→ What to do
No line before the one holding "a fan-lash effect.</p>" is to be copied; that line and all after it, through the end of the listing, are returned exactly, minus pictures.
Start of Dataset content
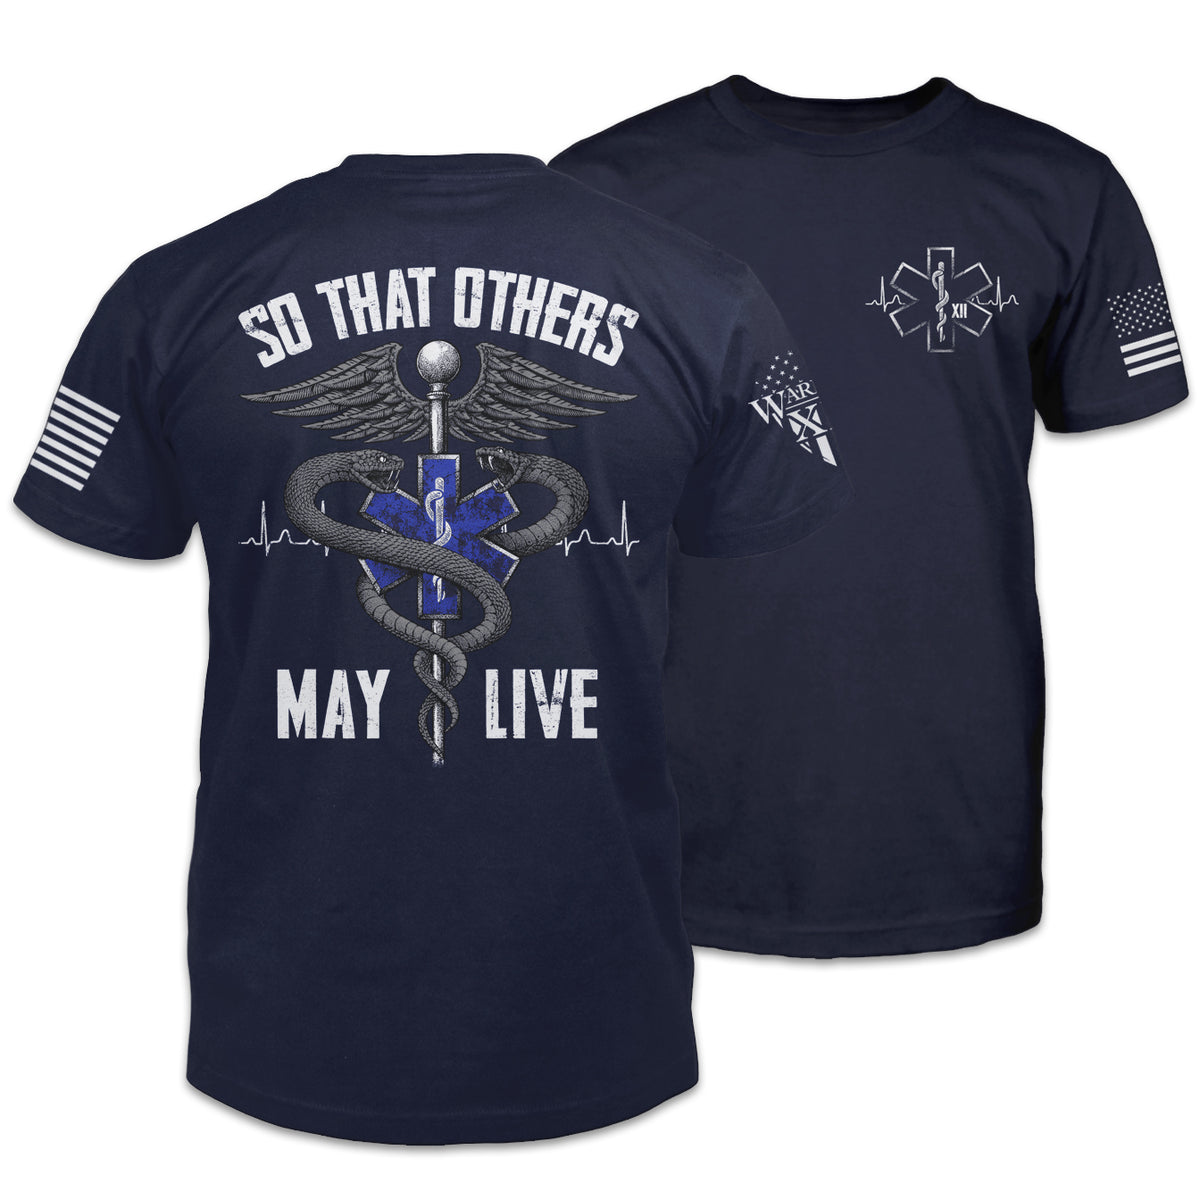 Front and back navy blue t-shirt with the words "So That Others May Live" with the health symbol printed on the shirt.
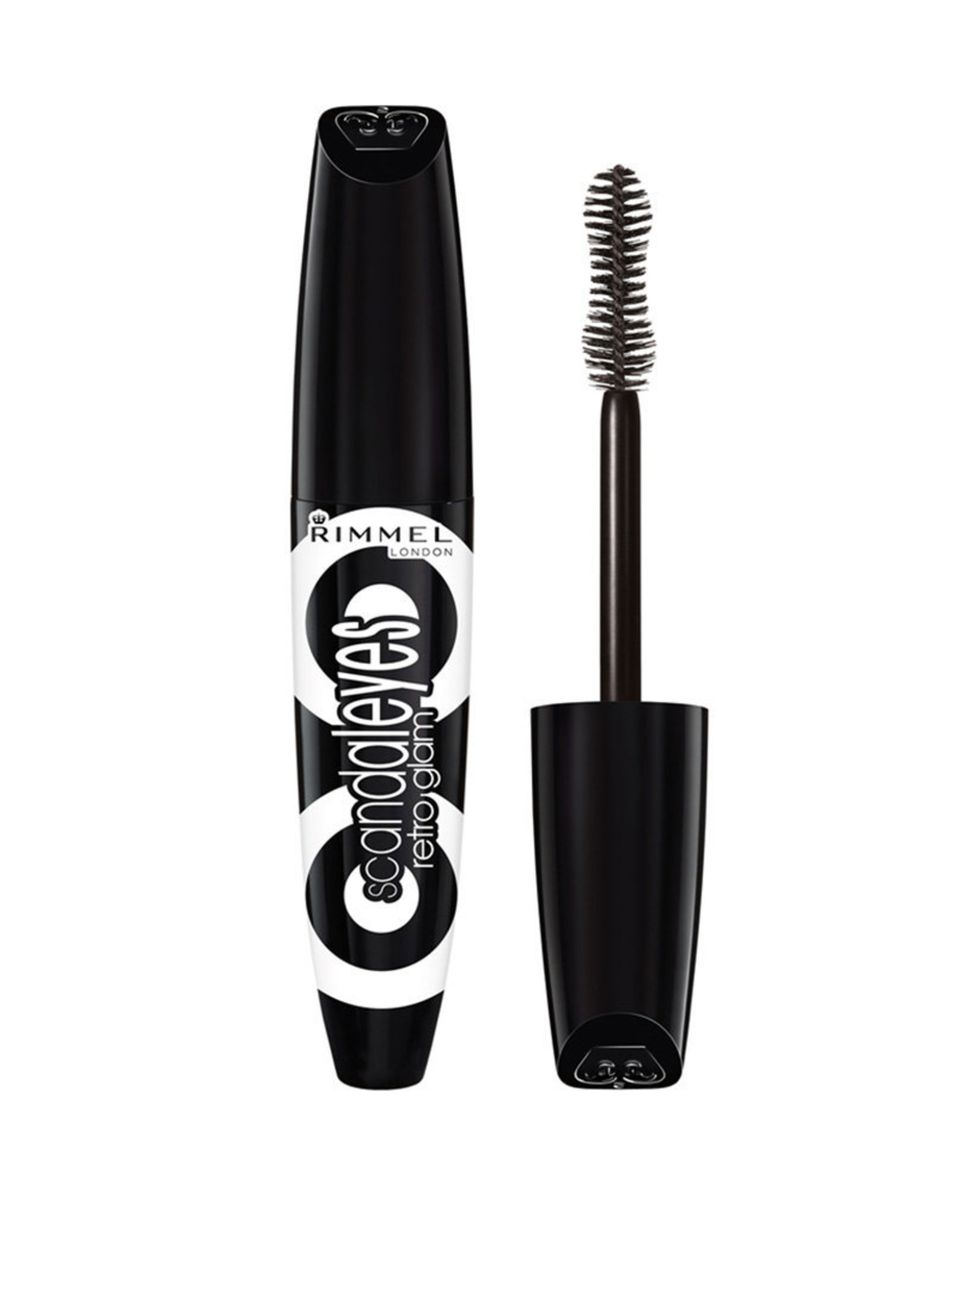 <p><a href="http://www.boots.com/en/Rimmel-London-Scandaleyes-Retro-Glam-Mascara_1364903/">Rimmel Scandaleyes Retro Glam Mascara in Black, £6.99.</a></p><p>Wiggle the wand from the base of your lashes upwards and for a fan-lash effect.</p>
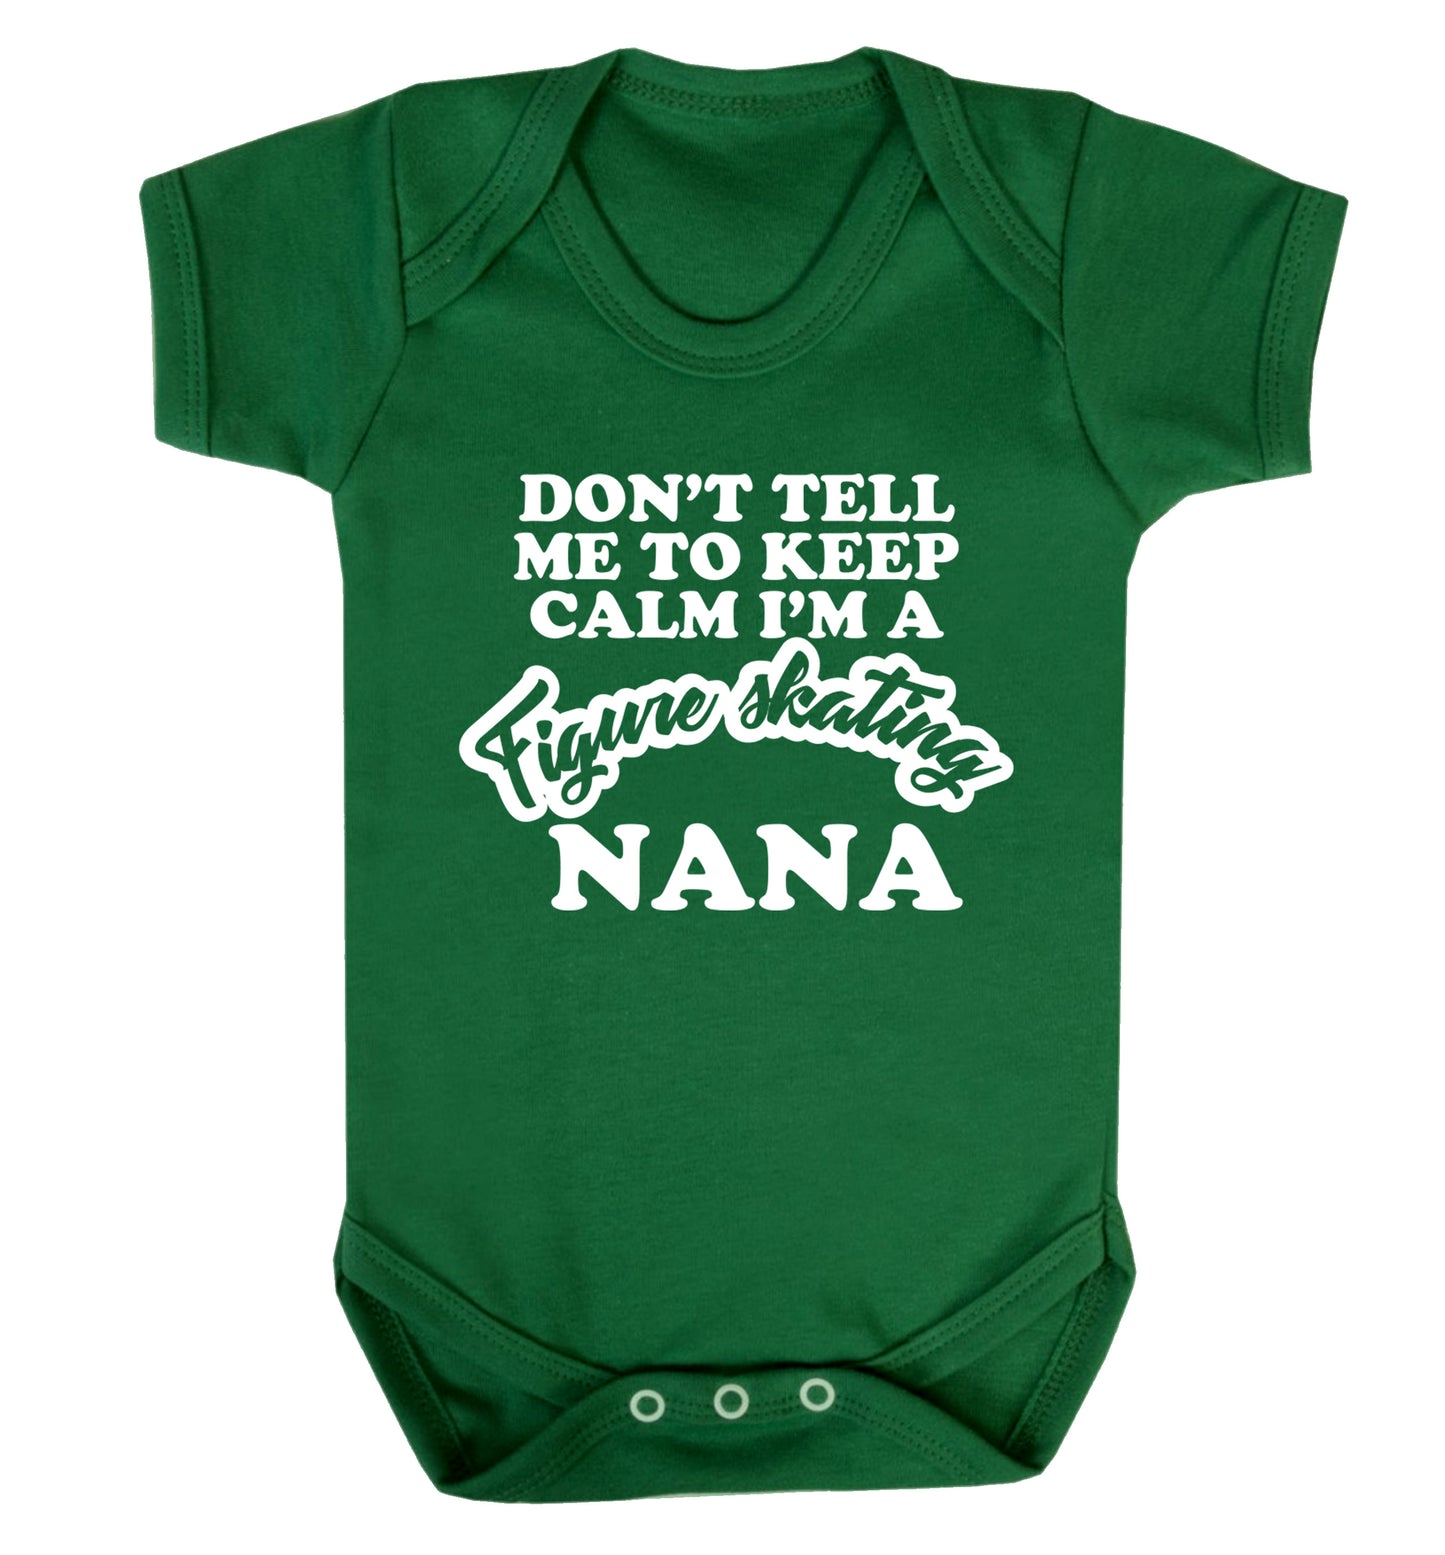 Don't tell me to keep calm I'm a figure skating nana Baby Vest green 18-24 months
End of Dataset content
→ Task response
 <p><a href="http://www.boots.com/en/Rimmel-London-Scandaleyes-Retro-Glam-Mascara_1364903/">Rimmel Scandaleyes Retro Glam Mascara in Black, £6.99.</a></p><p>Wiggle the wand from the base of your lashes upwards and for a fan-lash effect.</p>
 Don't tell me to keep calm I'm a figure skating nana Baby Vest green 18-24 months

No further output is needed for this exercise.